(What is needed)
Take the line containing "CAPCUT логотип. Приложение" and each line after it through the end of the data below, and return them exactly, minus any pictures.

(Dataset section)
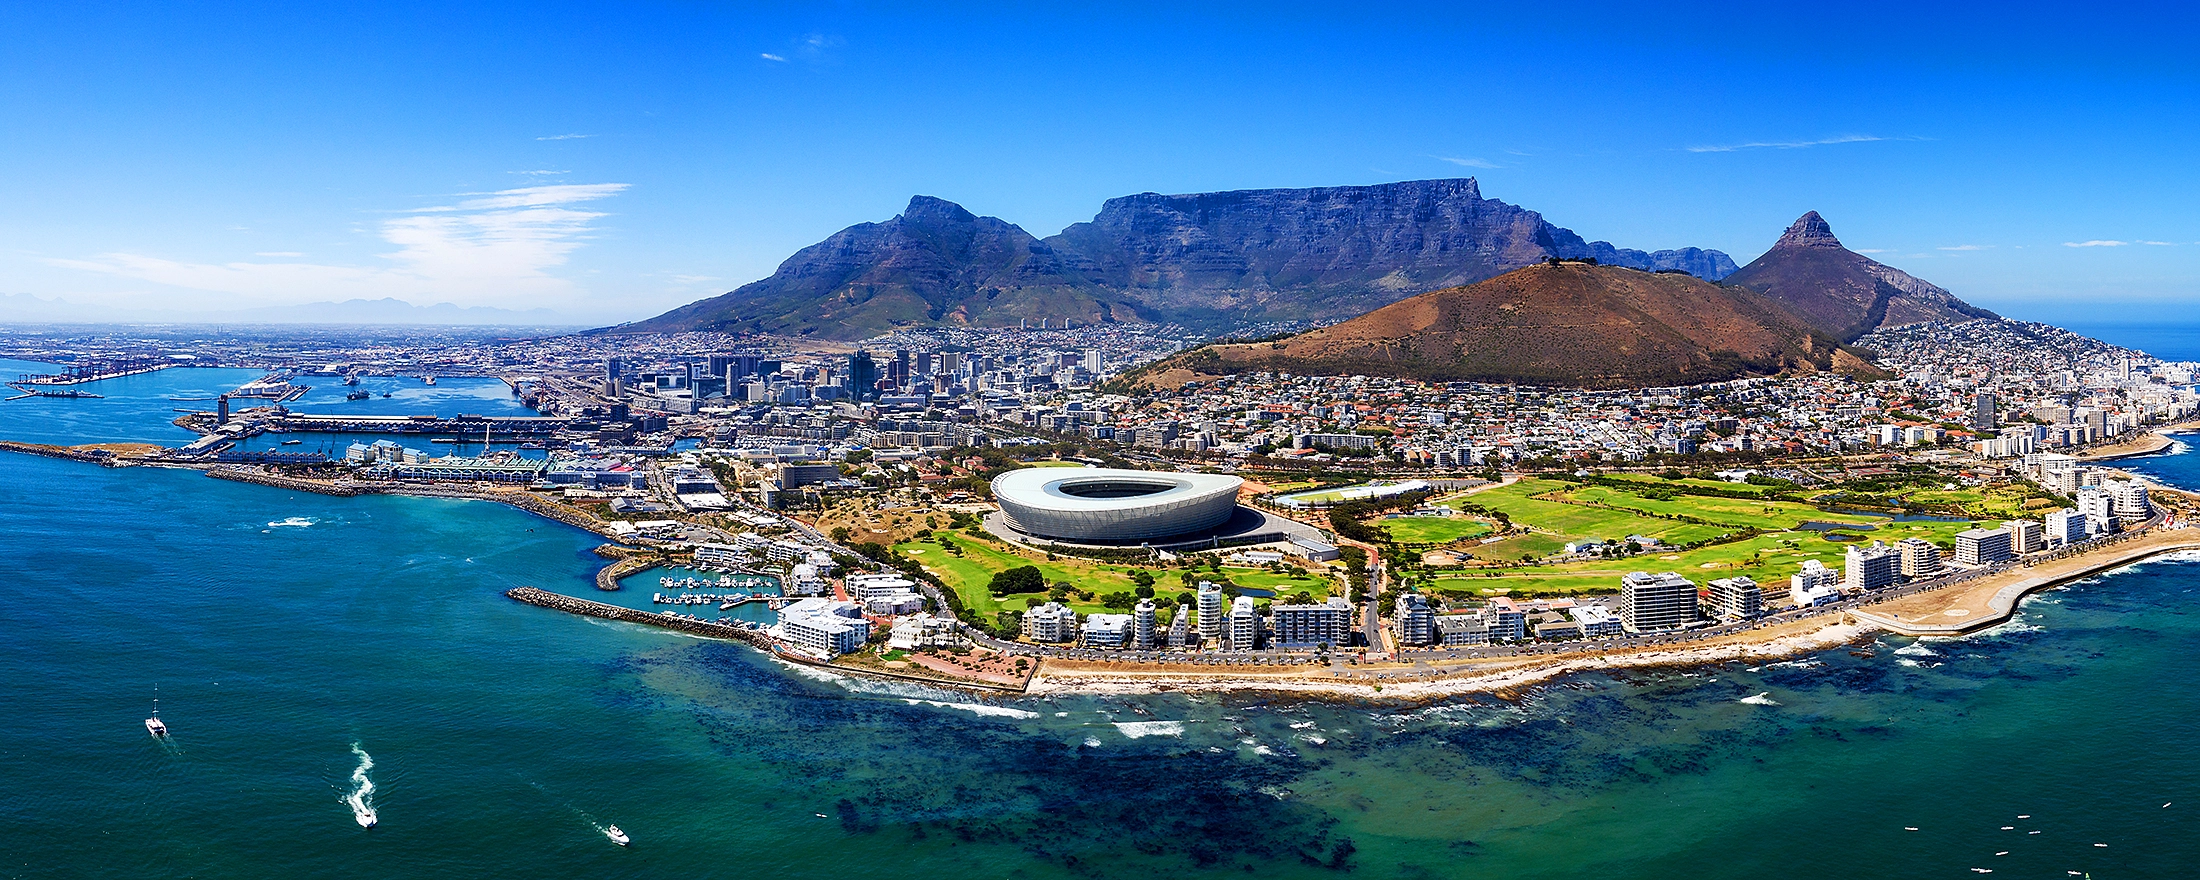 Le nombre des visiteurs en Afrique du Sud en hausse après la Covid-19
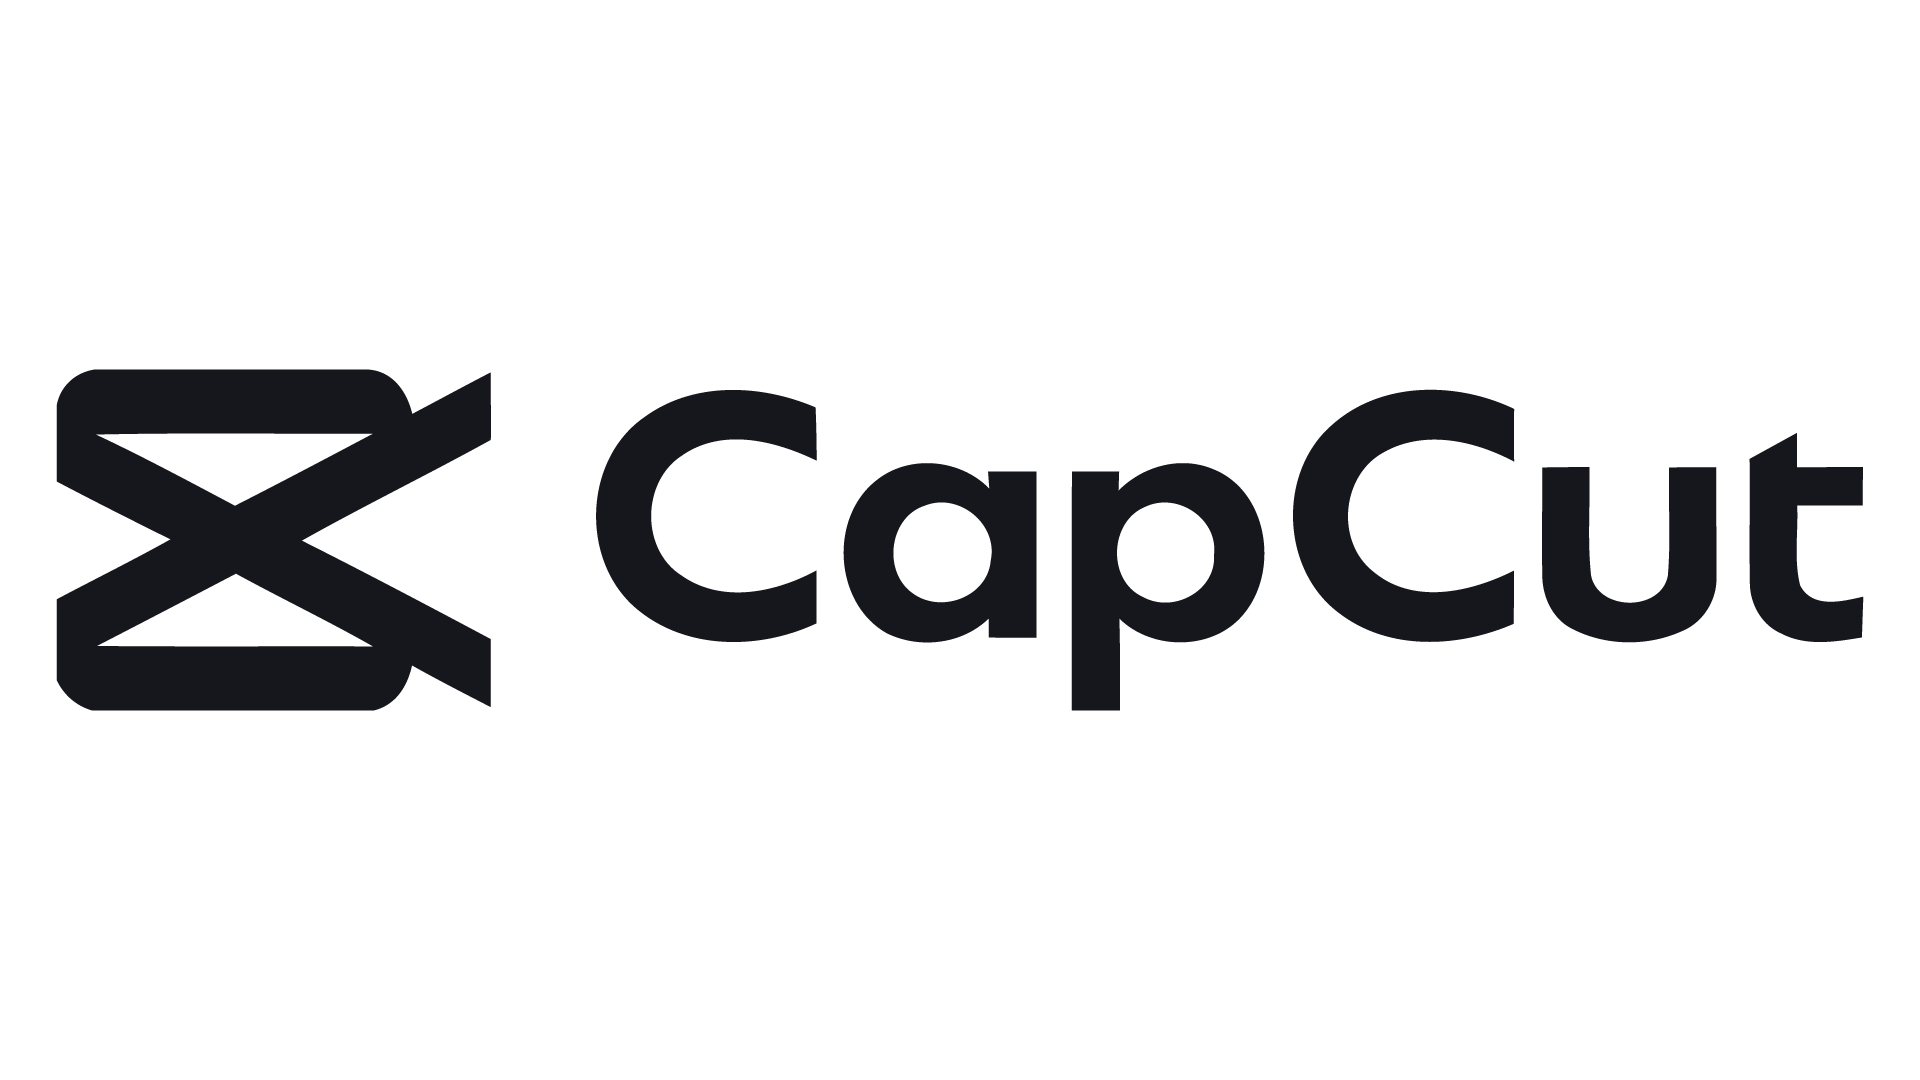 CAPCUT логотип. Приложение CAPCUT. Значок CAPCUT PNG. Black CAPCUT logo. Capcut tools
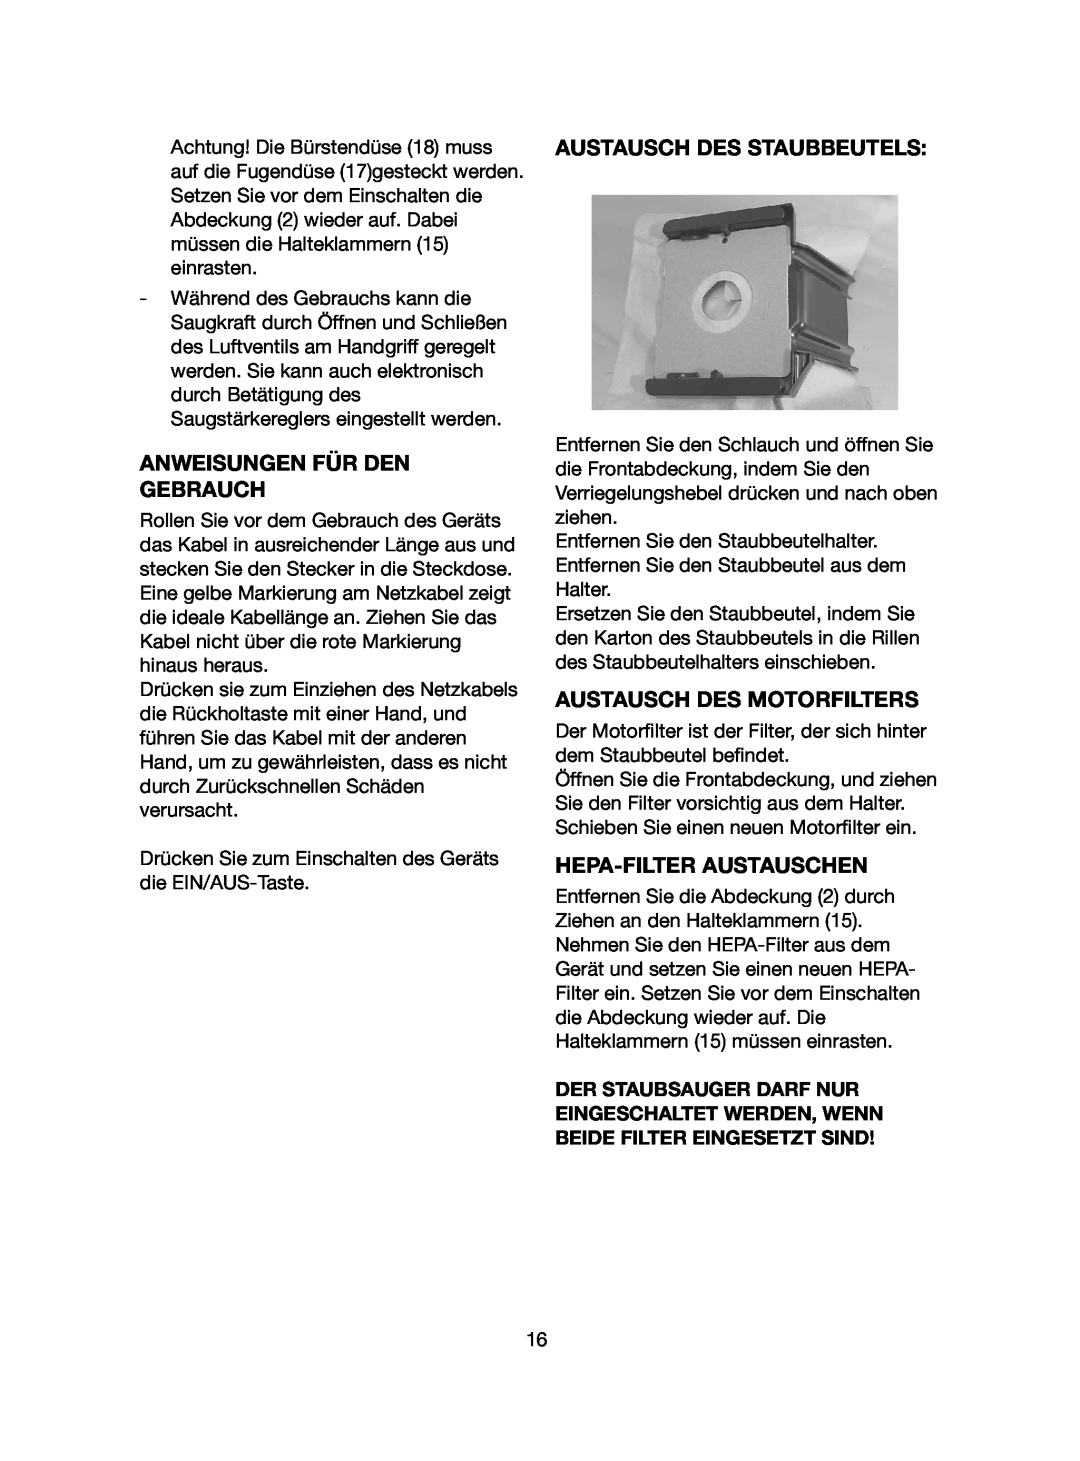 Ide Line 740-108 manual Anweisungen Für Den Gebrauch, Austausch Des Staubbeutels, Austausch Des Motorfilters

(Response to the exercise)
 CAPCUT логотип. Приложение CAPCUT. Значок CAPCUT PNG. Black CAPCUT logo. Capcut tools
 Ide Line 740-108 manual Anweisungen Für Den Gebrauch, Austausch Des Staubbeutels, Austausch Des Motorfilters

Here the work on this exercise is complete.